# I'll start Critique my pen



## jd99 (Apr 25, 2012)

Just turned this beauty from plastic.

What do ya all think. :biggrin:


----------



## nativewooder (Apr 25, 2012)

Harsh critiques:  That reminds me of cow pies!  Your vocabulary!!  I wanna urp!!! (All in jest!)


----------



## wood-of-1kind (Apr 25, 2012)

WOW!!!! That's the "best" casting that I've ever seen:wink: Did you use PR or Alumilite?:biggrin:


----------



## booney0717 (Apr 25, 2012)

HEY THATS MY DESIGN!!!!!


----------



## MattTheHat (Apr 25, 2012)

Meh, it's a bit too flashy for my tastes, but whatever. 


-Matt


----------



## Russianwolf (Apr 25, 2012)

Can you do a tutorial on that cap????!?!?!?!?!?!?!?!?!?!?!?:wink:


----------



## seamus7227 (Apr 25, 2012)

FIT AND FINISH ARE SUPERB!


----------



## Justturnin (Apr 25, 2012)

It almost seems like it was made using in injection mold.  Nice work.  Tell me about your finish.


----------



## Buzzzz4 (Apr 25, 2012)

I would have liked a bit better coloration blend. It might be that you'd didn't mix the resin quite enough to get the blob of color in the middle.


----------



## SteveG (Apr 25, 2012)

Definitely "outside the box" thinking.  A++ on originality.  The blank used here harmonizes with the hardware  very well.  BTW, is that a Brooks blank?


----------



## Gilrock (Apr 25, 2012)

Well that pen would be awesome for me cause I have a bad habit of chewing on pens.  That's the problem with all the pens I make...I can't chew on them....maybe that guy making the scented pens is onto something...lol.


----------



## gimpy (Apr 25, 2012)

WOW, it awsome !!!!!!!!!!!!! what do they cost, can I get 100 of them for a party next week, ..........only if it takes a refill


----------



## Russianwolf (Apr 25, 2012)

And the Cheap Chinese knockoffs have already hit the stores..... They couldn't even get the color right.

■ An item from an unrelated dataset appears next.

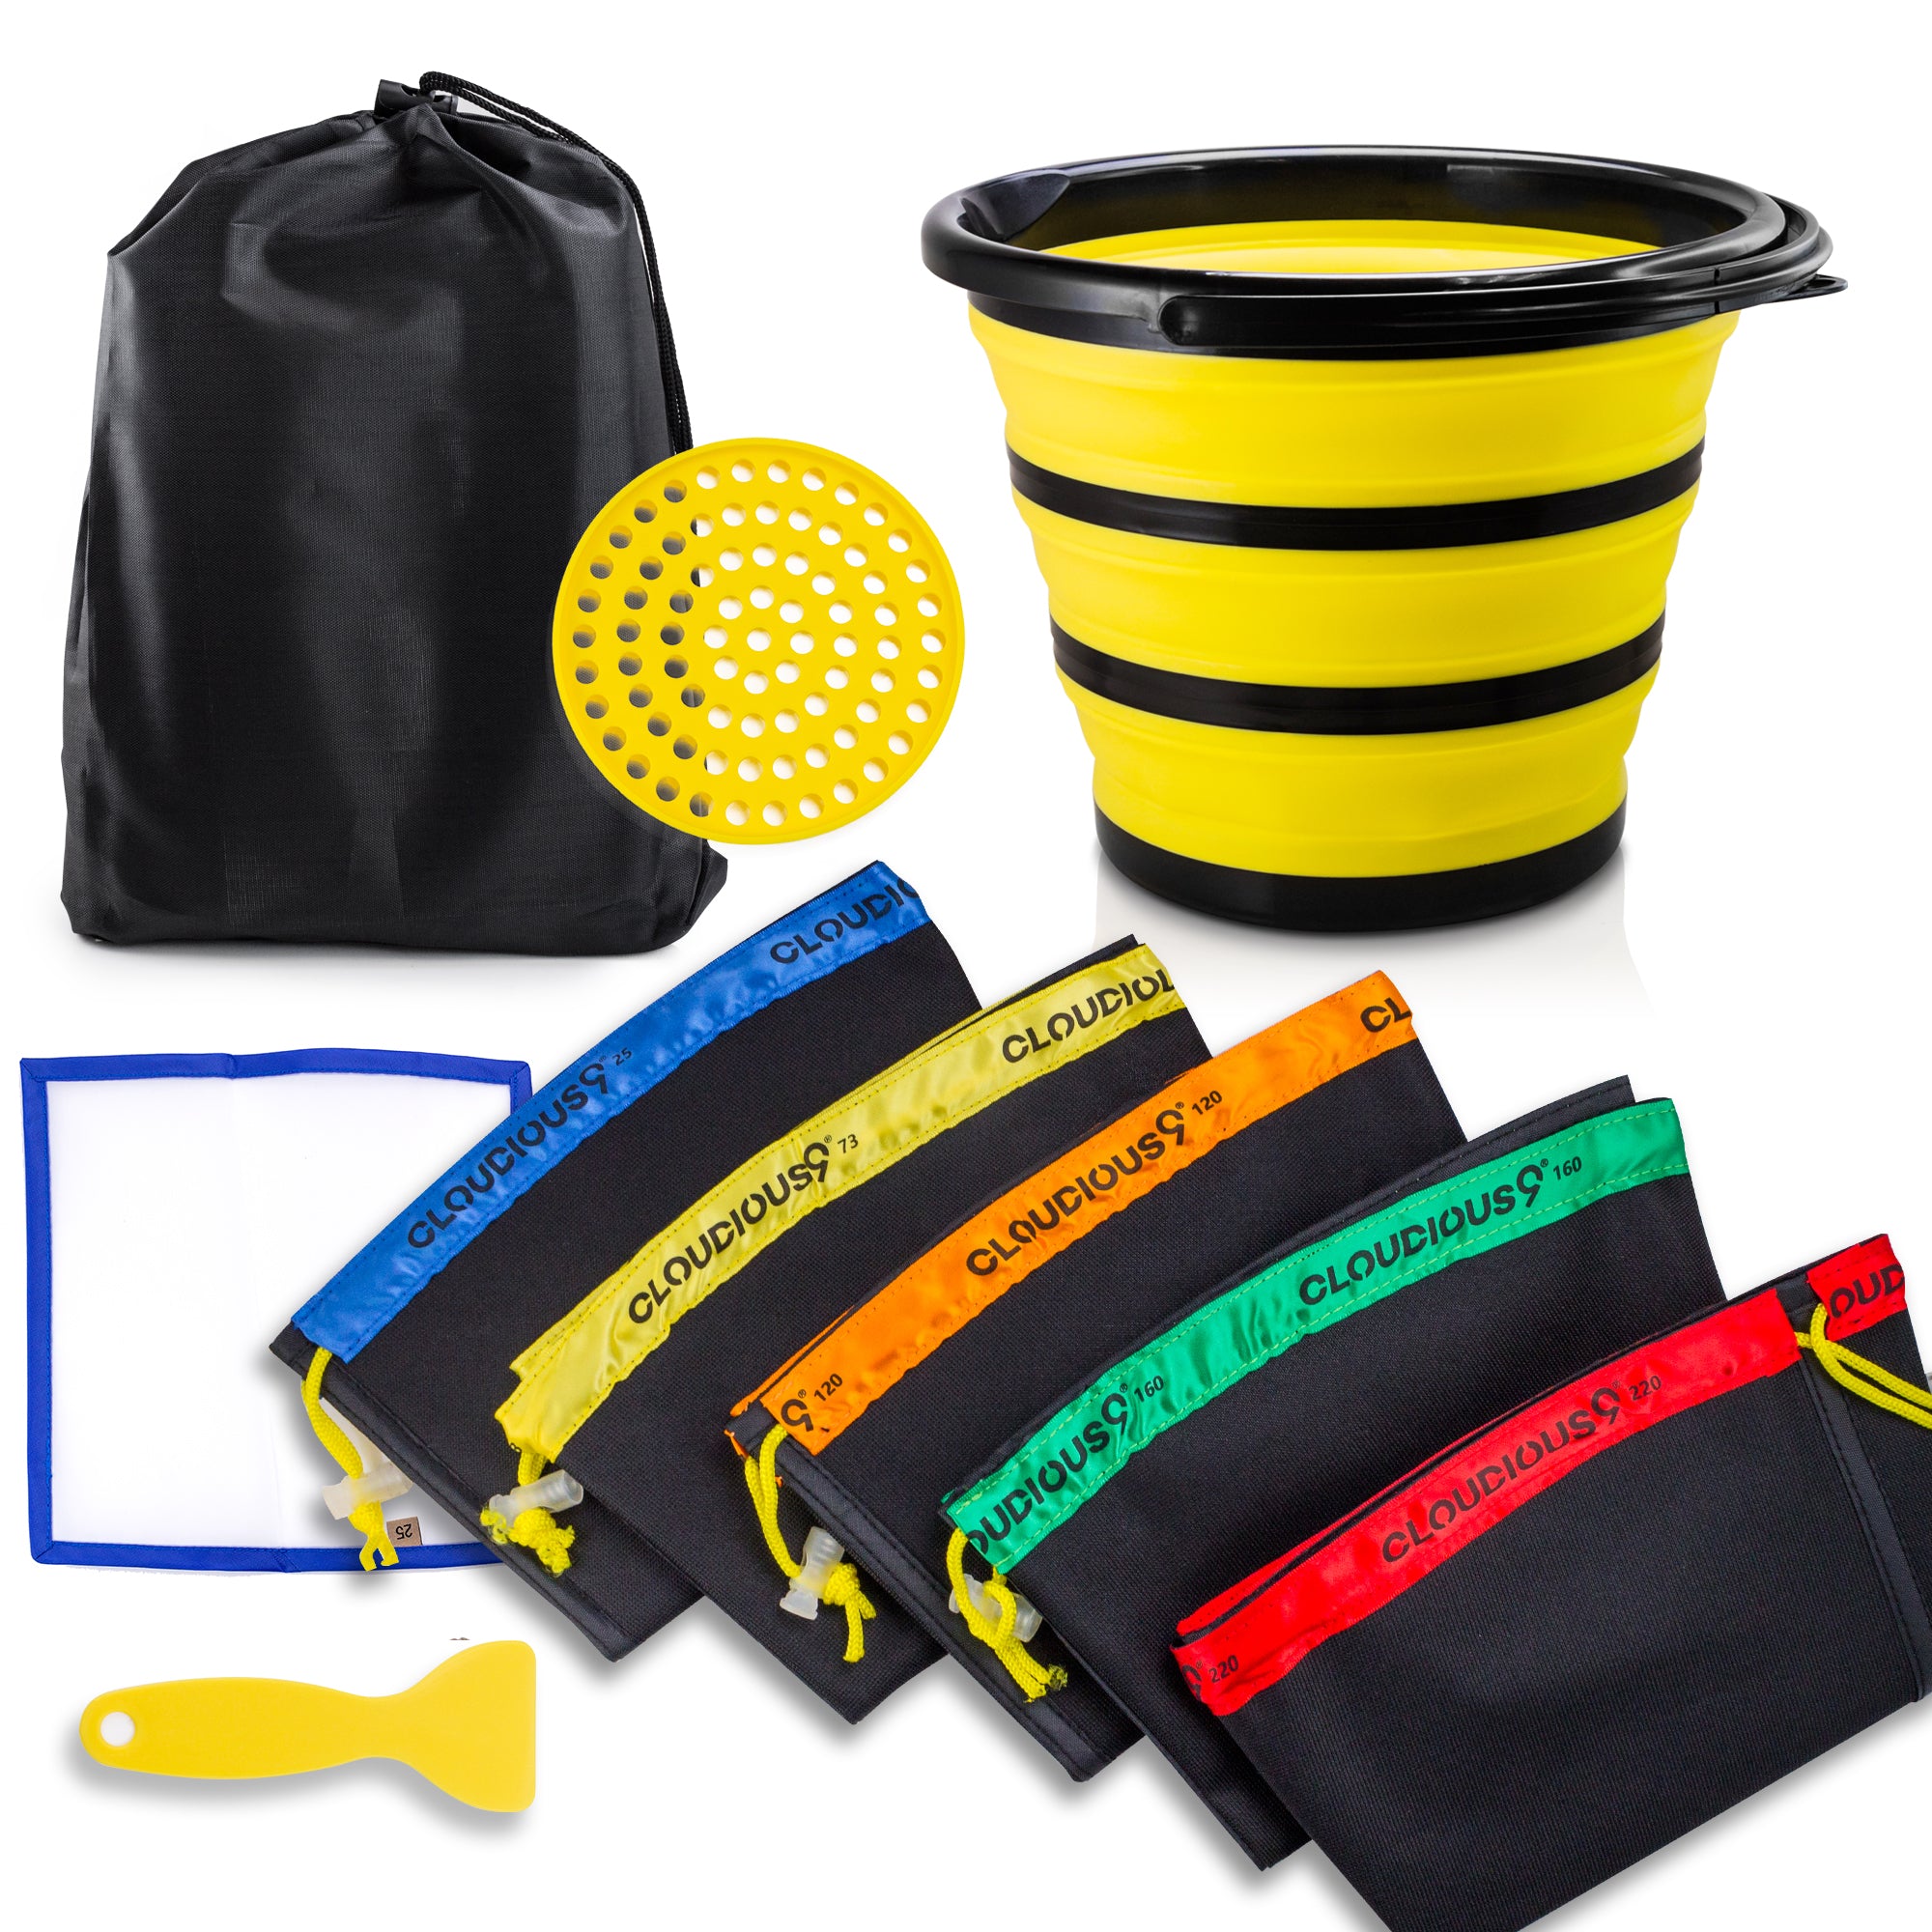 The Vortex9 cold water hash extraction kit including a collapsible black and yellow vortex bucket, a series of multicolored bags, screens and scraper

http://www.walmart.com/ip/BIC-Round...0000003142050&ci_src=14110944&ci_sku=15393846


----------



## mredburn (Apr 25, 2012)

To fat in the middle, to skinny on the ends, The length is wrong, the clip and the cap are to short.  The front section is to straight and the colors clash.  Do it over!


----------



## kmla (Apr 25, 2012)

Nice pen.  Does it come in a fountain version?

:biggrin:


----------



## Andrew_K99 (Apr 25, 2012)

I prefer the lines of a more classic looking pen.


----------



## OLDMAN5050 (Apr 25, 2012)

Your work is really shotty at best.. I have seen better products from mainland China


----------



## PenMan1 (Apr 25, 2012)

Nice pen! But why should I buy yours when the bank, grocery store, my barber, the oil change place will all GIVE me their upgraded version with their phone numbers imprinted. 

With their pens, all I have to do is pick the one I want from the free pen jar (compliments of the pizza delivery place) when I need to call them. It saves me the expense of a 411 call.

What does your pen do? Seems kinda pricey to me


----------



## wolftat (Apr 25, 2012)

I would be embarrassed to be seen using that one (or any of its millions of copies). Otherwise, nice job.


----------



## BSea (Apr 25, 2012)

Nope, I don't like it.  Don't know why, don't care, just don't like it.


Oh, and the lighting is bad too.:wink:


----------



## HoratioHornblower (Apr 25, 2012)

Its just a pen! I can buy one like that at Walmart. :tongue:


----------



## InvisibleMan (Apr 25, 2012)

I don't really care for that much bulge in the middle, but if you like it, that's all that matters.


----------



## renowb (Apr 25, 2012)

Is that real turquoise?


----------



## Great Googly Moogly (Apr 25, 2012)

why does it say "made in china" on it?  That's pretty cool how you did that.


----------



## OKLAHOMAN (Apr 25, 2012)

Don't care for the nib section at all, why the two bumps,, I'll bet the cap will scratch when posted, can't you make treads? It sure as hell looks like turquoise, what a waste of a good blank, it has absolutly no style, couldn't you have at least pinched the waist? Other than all that I simply love it!!


----------



## ElMostro (Apr 25, 2012)

What size bit does it use?  And the bushings, where did you get them?


----------



## TerryDowning (Apr 25, 2012)

OKLAHOMAN said:


> couldn't you have at least pinched the waist? Other than all that I simply love it!!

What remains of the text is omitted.